Saturday, May 31, 2014

Volatile, Memory Barriers, and Load/Store Reordering

Introduction

Volatile is a memory access keyword in several languages which is much more complicated and confusing in practice then what it appears to be. There are pieces of information about volatile and related concepts everywhere but it's hard to build a complete understanding. Let's first understand the underlying concepts.

Some Memory Concepts

Load/Store

This is a more formal terminology for memory read/write. Load means brining something from main memory (ram) to processor registers, and store is the same thing in other direction.

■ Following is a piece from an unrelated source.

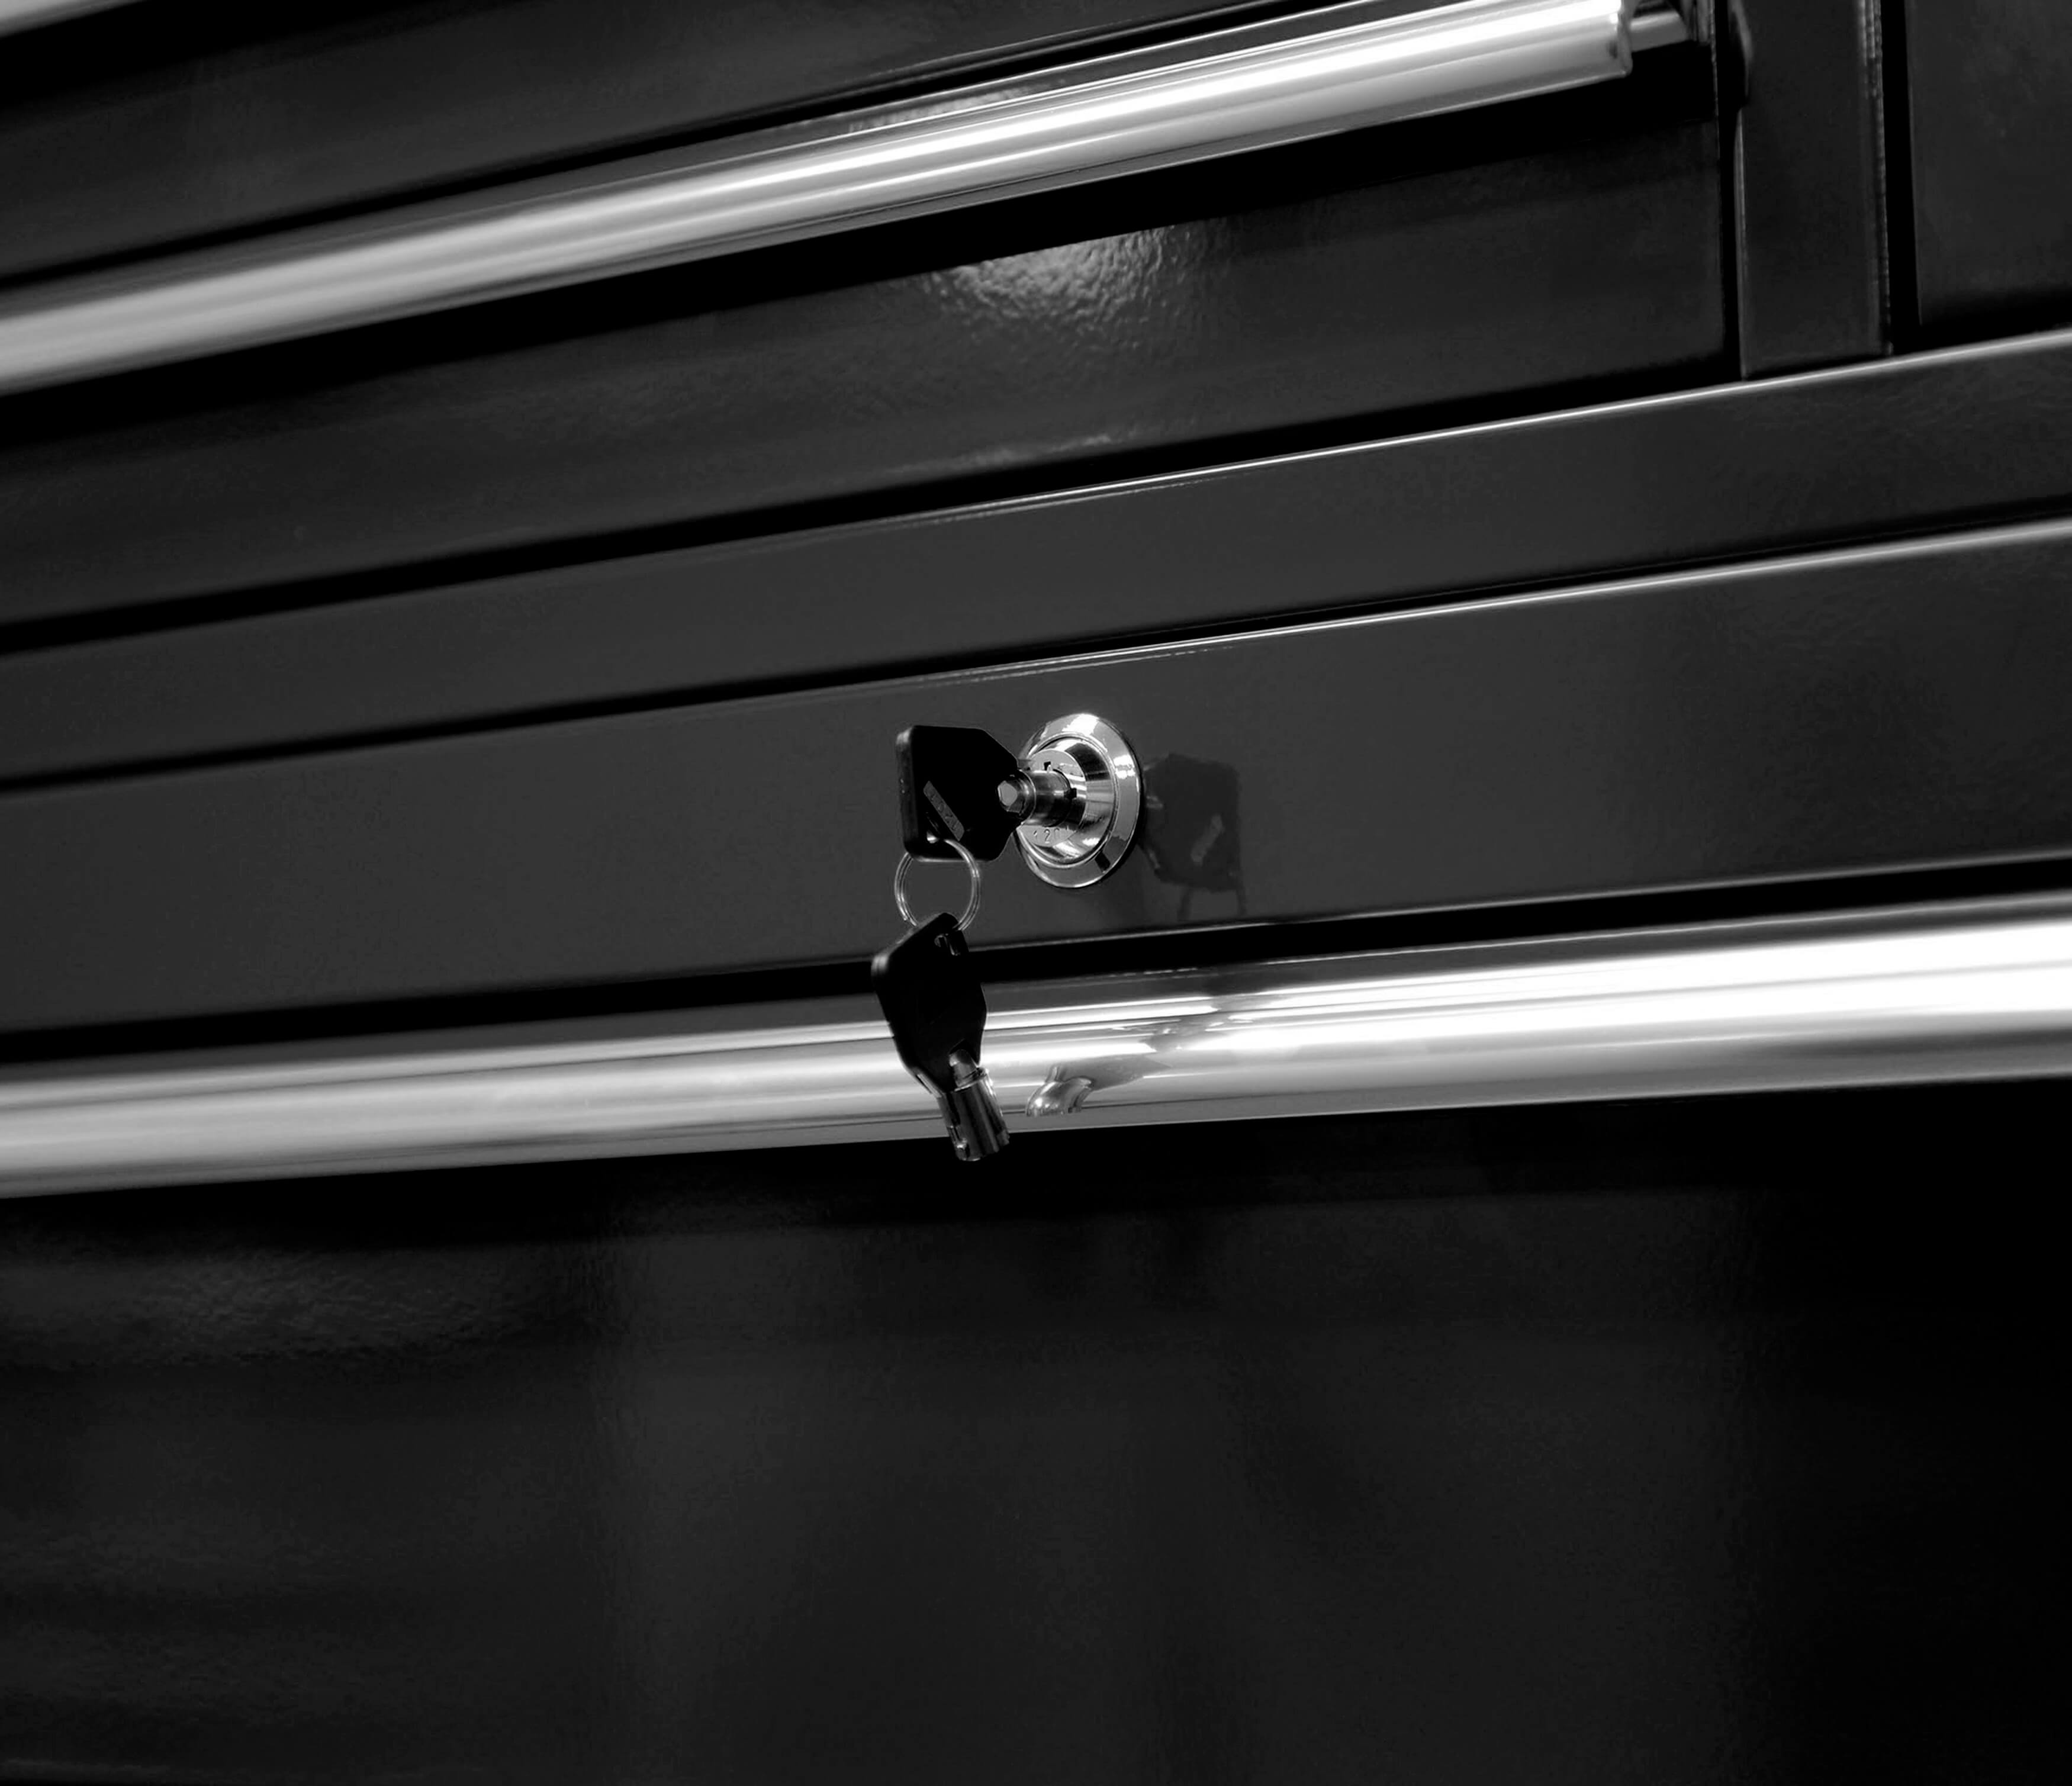 Extreme Tools® 41" 11 Drawer Standard Roller Cabinet

Load/Store Omission by the Compiler

Every memory read/write in a program source code doesn't have to result in a processor instruction that does an actual load/store. Compilers can decide to cache values instead of actually loading them from memory when they think it doesn't change the results of the program. This can result in buggy programs in multi threaded programs and in programs with 'unusual memory'.

'Unusual Memory'

Unusual memory refers to a memory location that can change in value without compiler having anyway to know it. Hardware mapped memory is such a case. If a sensor hardware is updating a memory location on its own, compiler can't know about this and incorrectly omit stores from that memory location assuming the value will never change.

Load/Store Reordering by the Compiler

Compilers can reorder loads and stores in a program for optimization reasons, if the reordering won't change program results. This logic can breakdown in multithreaded programs and cause buggy behavior in the program.

Out of Order Execution and Cache Coherency

Similar to compilers reordering loads/stores, CPUs can do the same via 'out of order execution'. This means that a CPU might execute instructions in a slightly different order then they appear in computer memory which includes instructions getting reordered and interleaved execution of two or more instructions. Interleaved execution means instructions aren't strictly ordered in their execution i.e one instruction might begin its execution before the 'already in progress' instruction is 'finished'.

Also, when a CPU stores a value in a memory location, all CPUs may not see the same stores in the same order because of cache coherency issues i.e each processor having its own cache of the main memory.

 These issues create buggy behavior in multithreaded programs. To prevent this programmers can use memory barriers, which are special instructions telling the CPU not to do out of order execution across the barrier instruction. Memory barriers also ensure cache consistency which means we won't get hurt by cache coherency problems.

Atomic Load/Store

Loading OR storing a primitive value from main memory may or may not be atomic. Don't confuse this with 'read, modify, write' atomicity which can only be achieved either by proper locking or special 'interlocked' instructions. On certain hardware platforms loading an integer may not be atomic i.e some bytes of the integer may be modified while we're reading the integer which means we'll end up with a value of the integer that was never the value of it any point in time. Pointer aligned word sized (32bits) load/store operations on X86 architecture are atomic.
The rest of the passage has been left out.